Гонора торопливо схватила с кровати юбку и блузку и выбежала из комнаты. Каван радовался, что она не стала оглядываться. Если бы он увидел хотя бы намек на обиду в ее фиалковых глазах, он бы схватил ее в объятия, засыпал извинениями и поцелуями, а это привело бы…
Каван тряхнул головой, захлопнул дверь и сорвал с себя одежду. Он овладел бы ею здесь и сейчас, только от отчаяния, быстро и грубо, а это ранило бы не только Гонору, но и его самого. Он не в том настроении, чтобы вести себя нежно и ласково. Он охвачен гневом и презрением к самому себе за то, что опять не смог найти брата. Он не заслуживает доброго отношения жены.
Каван с головой погрузился под воду, чтобы намочить волосы, отплевываясь, вынырнул наружу, схватил лежавшее на стопке полотенец мыло и начал скрести себя изо всех сил, хотя очень сомневался, что сумеет отскрести всю грязь. Ему казалось, что она разъедает его, и как бы он ни старался, уже никогда не станет чистым.
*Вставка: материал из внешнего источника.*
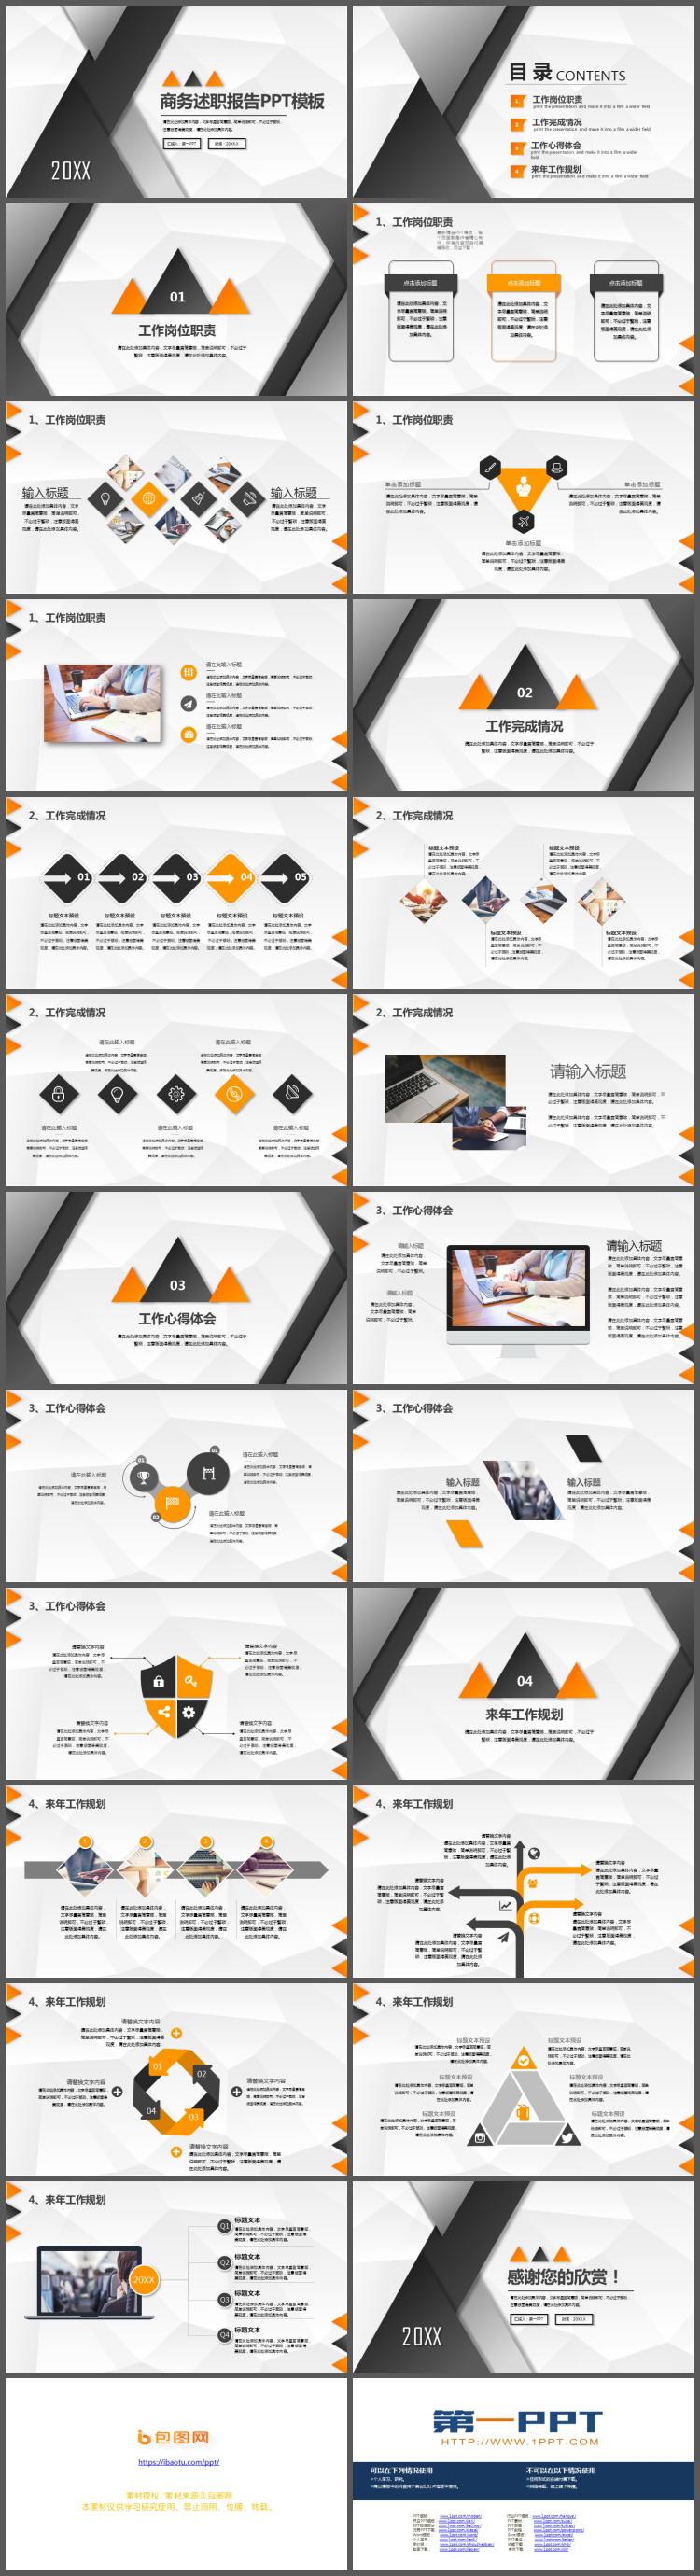 黑色三角形背景的商务述职报告PPT模板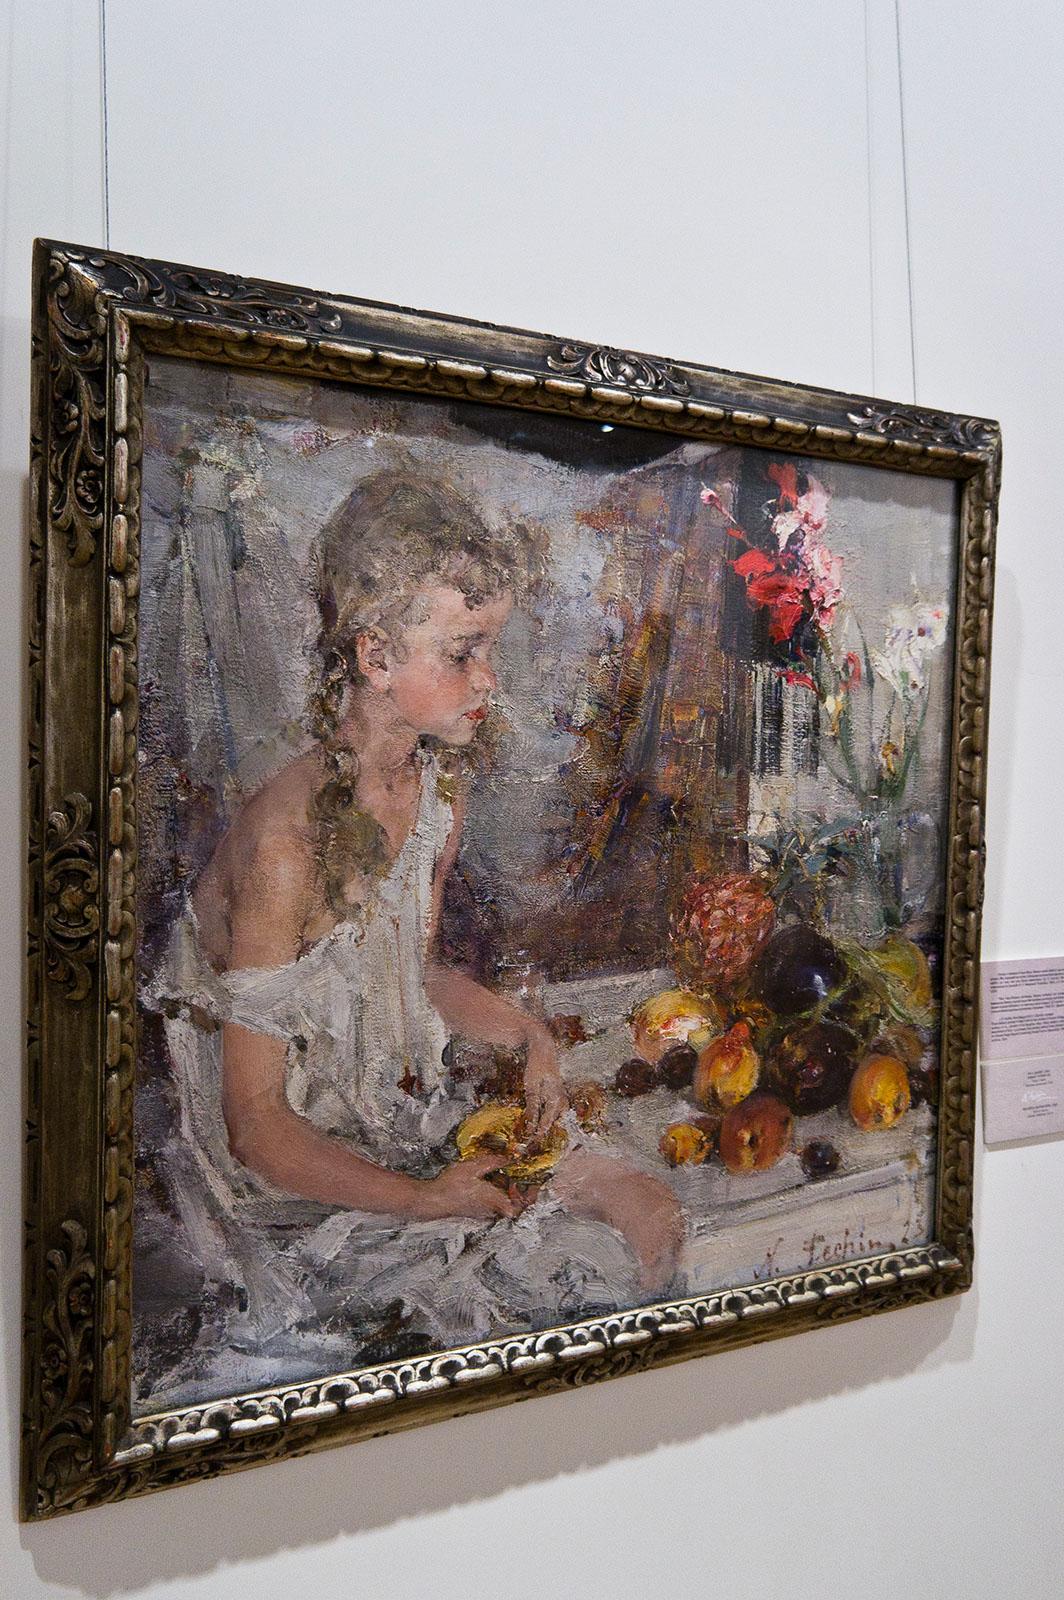 Николай Фешин. Ия с дыней. 1923. Фото: ©Елена Сунгатова, art16.ru

В течение всего года плена с ним обращались как с животным и заставляли жить соответственно, и воспоминания об этом терзали его душу. Каван приходил в ужас, представляя, что его брат по-прежнему терпит. Сердце его готово было разорваться от горя.
Только часа через два Каван почувствовал, что может присоединиться к празднику, и направился в большой зал – с чисто вымытыми блестящими волосами, в чистой рубашке и пледе. Он должен был появиться на пиру, иначе пойдут разговоры, что он не уважает своих воинов. Они храбро сражались, и Каван должен был оказать им заслуженную честь.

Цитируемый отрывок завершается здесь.